Dandelion (Slovenian: regrat) is a well-known herbal remedy, especially in Europe, North America and China. Unlike similar herbs, all parts of this plant are used to relieve various health problems and dandelion is even believed to cure or prevent some of the most serious diseases such as cancer.

This is so because dandelion is very rich in various nutrients, antioxidants, minerals, vitamins and so on, and therefore helps fighting infections, anaemia, kidney, liver and bile problems and, being a mild laxative, works beneficially on digestion as well.

The plant (dandelion comes from French, dent de lion, meaning “lion’s tooth”) got its Latin name Taraxacum after its plant’s bitter taraxalisin, a serine proteinase found in the latex of dandelion roots. Traxalisin is at its peak production in spring, at the beginning of plant development, when leaves are already out but still tender enough to be used in salads as well.

Dandelion roots, dried, roasted and ground, have also been used as a coffee substitute, although the experts suggest that for full health benefits roasting can also be skipped.

The most common and also most widespread consumption of dandelion in Slovenia is in using its still relatively tender spring leaves in salads. We are currently in the peak dandelion season, so you better hurry if you still want to get some of its culinary use, although the plant keeps its health benefits throughout the year. If the roots are high on bitter in spring, they are high on inulin in fall. Inulin is a polysaccharide which does not elevate blood sugar levels and may be helpful in the management of diabetes, stimulate the growth of bacteria in the gut and also reduce appetite.

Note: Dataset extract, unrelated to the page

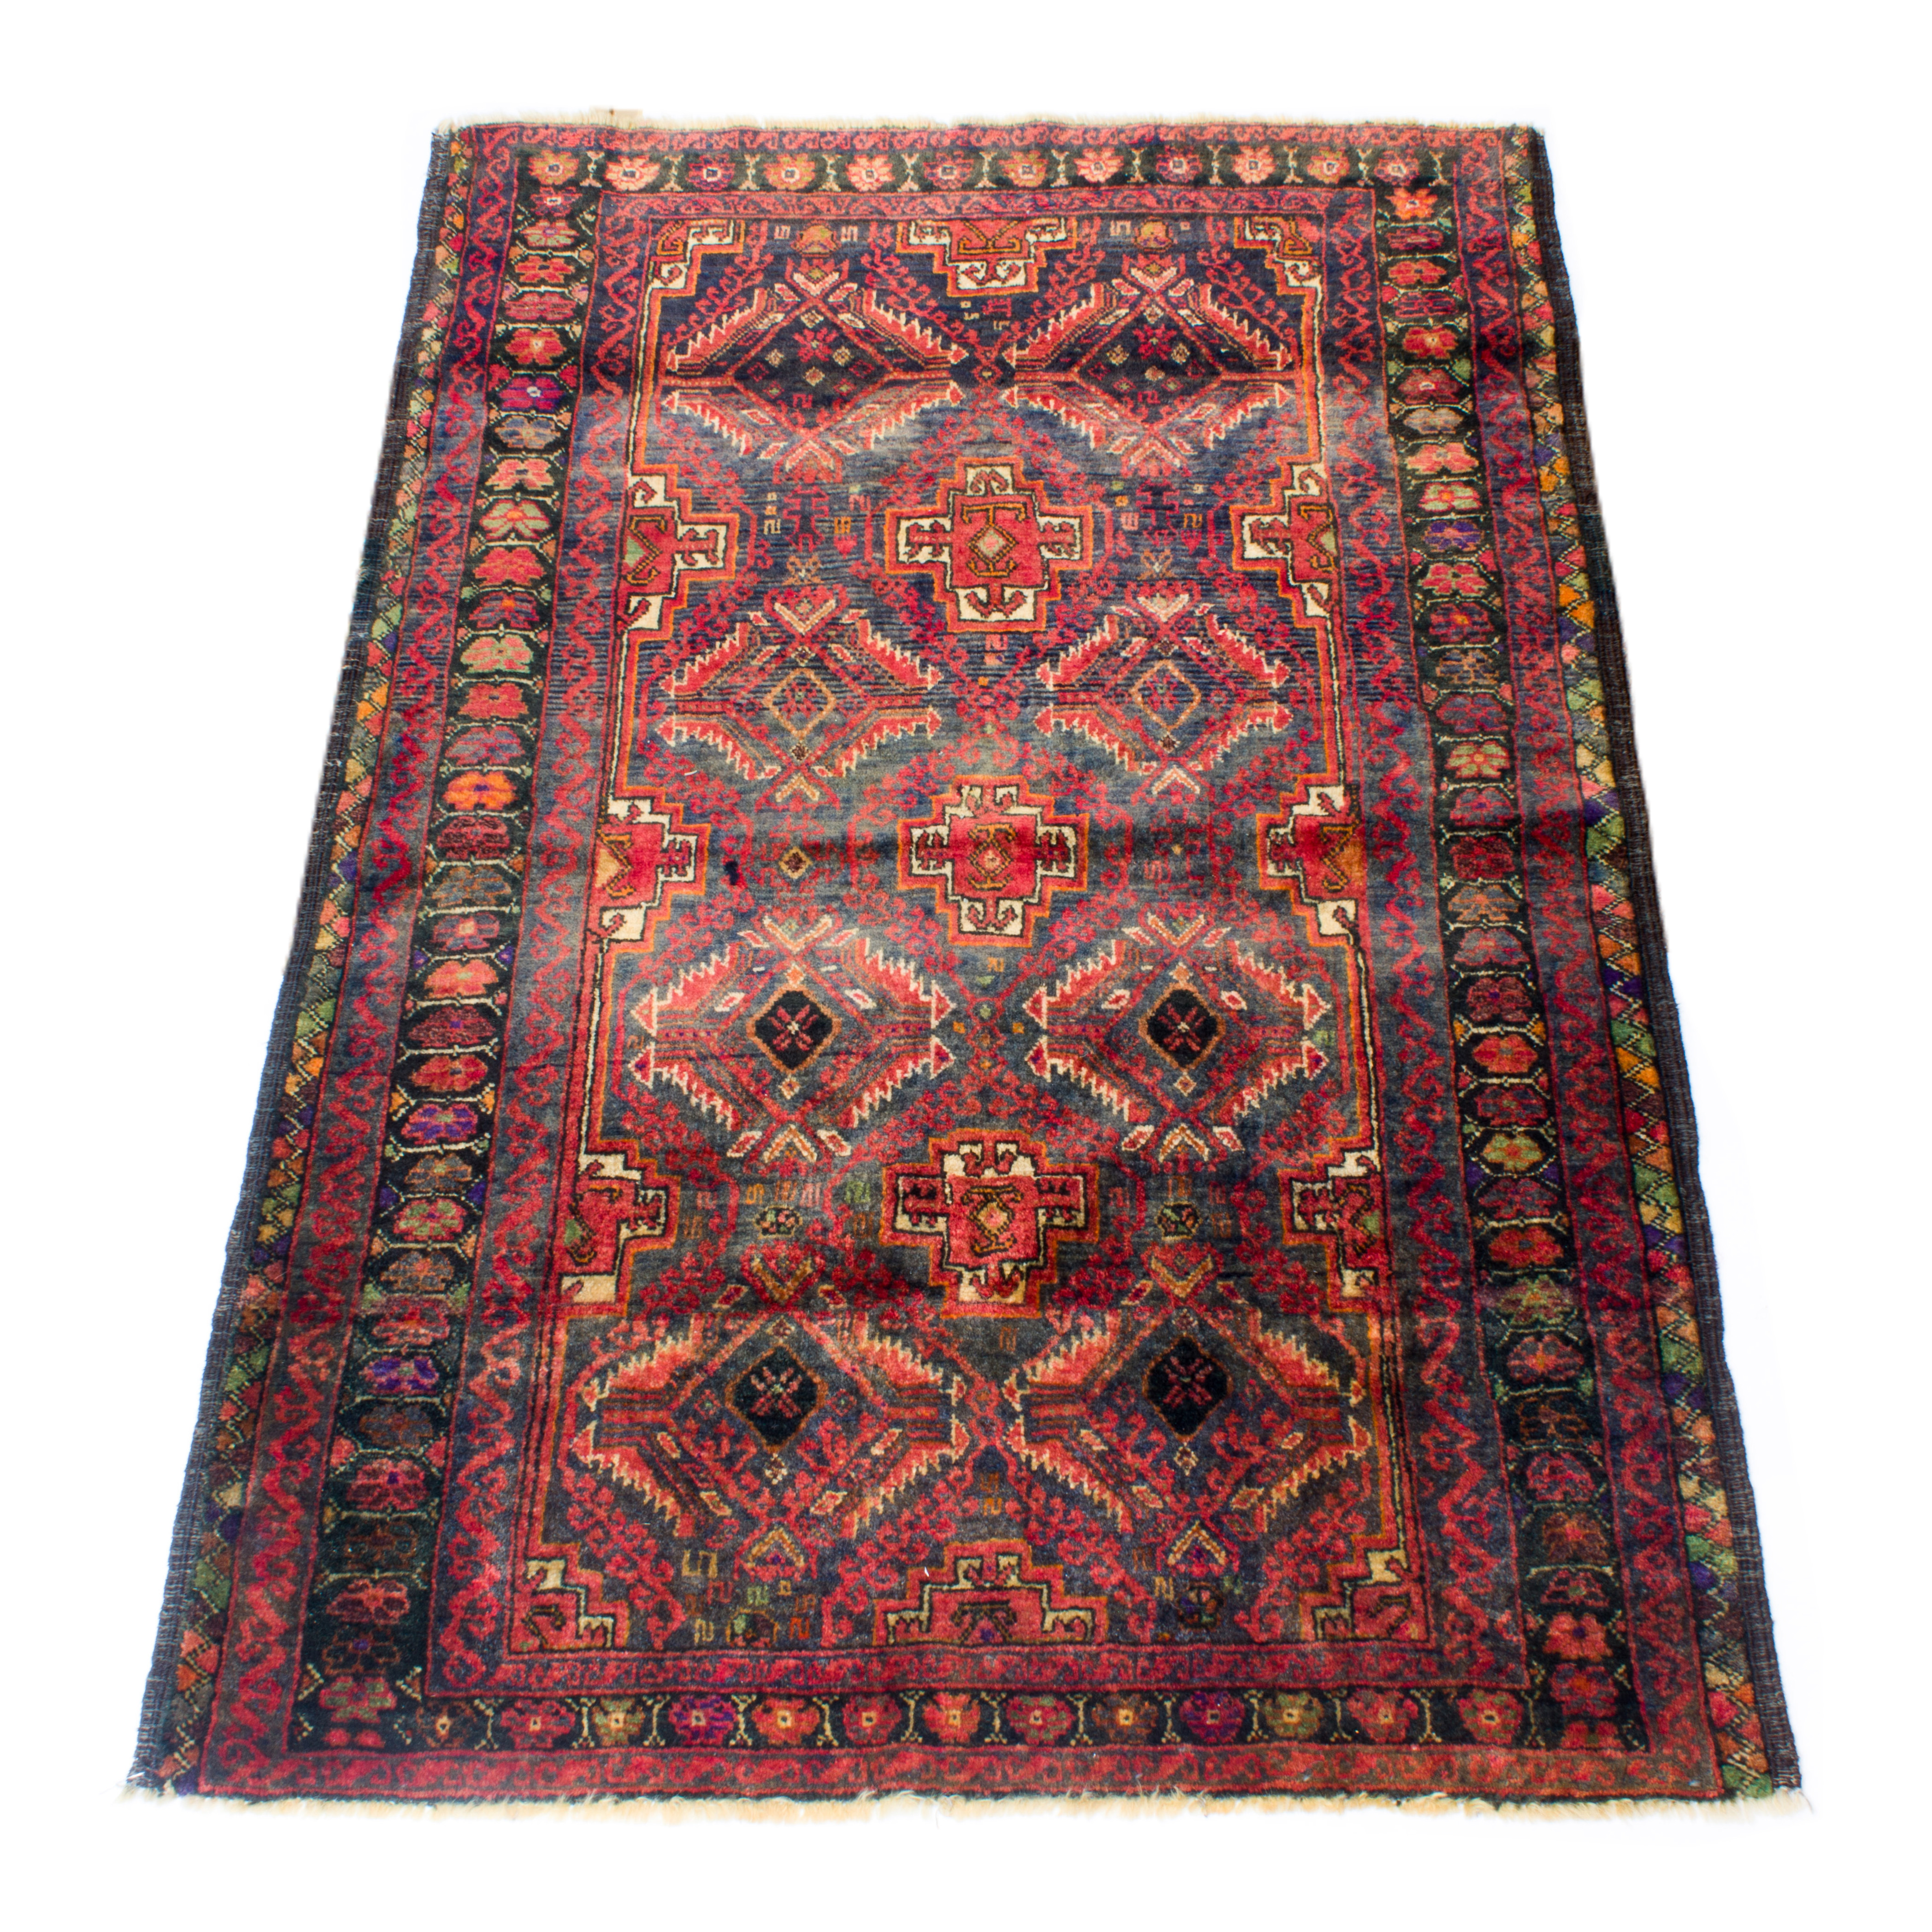 A BALOUCH CARPET A Balouch carpet  3a3522

Cleaned dandelion at Ljubljana marketplace on Friday, April 6, 2018

As suggested in the picture above, dandelion can be currently purchased at local marketplaces, or you can go pick it yourself. The plant can be found in abundance in pretty much every Slovenian field, which is why it is sometimes considered as a weed.



A field in Logatec, where we picked our bag of dandelion and a bunch of primroses which also ended up on our plate

When you head towards your dandelion field, however, make sure it has not been heavily treated with manure or other fertilizers. Also, better to find a place away from the common walking paths, as they often serve as dog toilets.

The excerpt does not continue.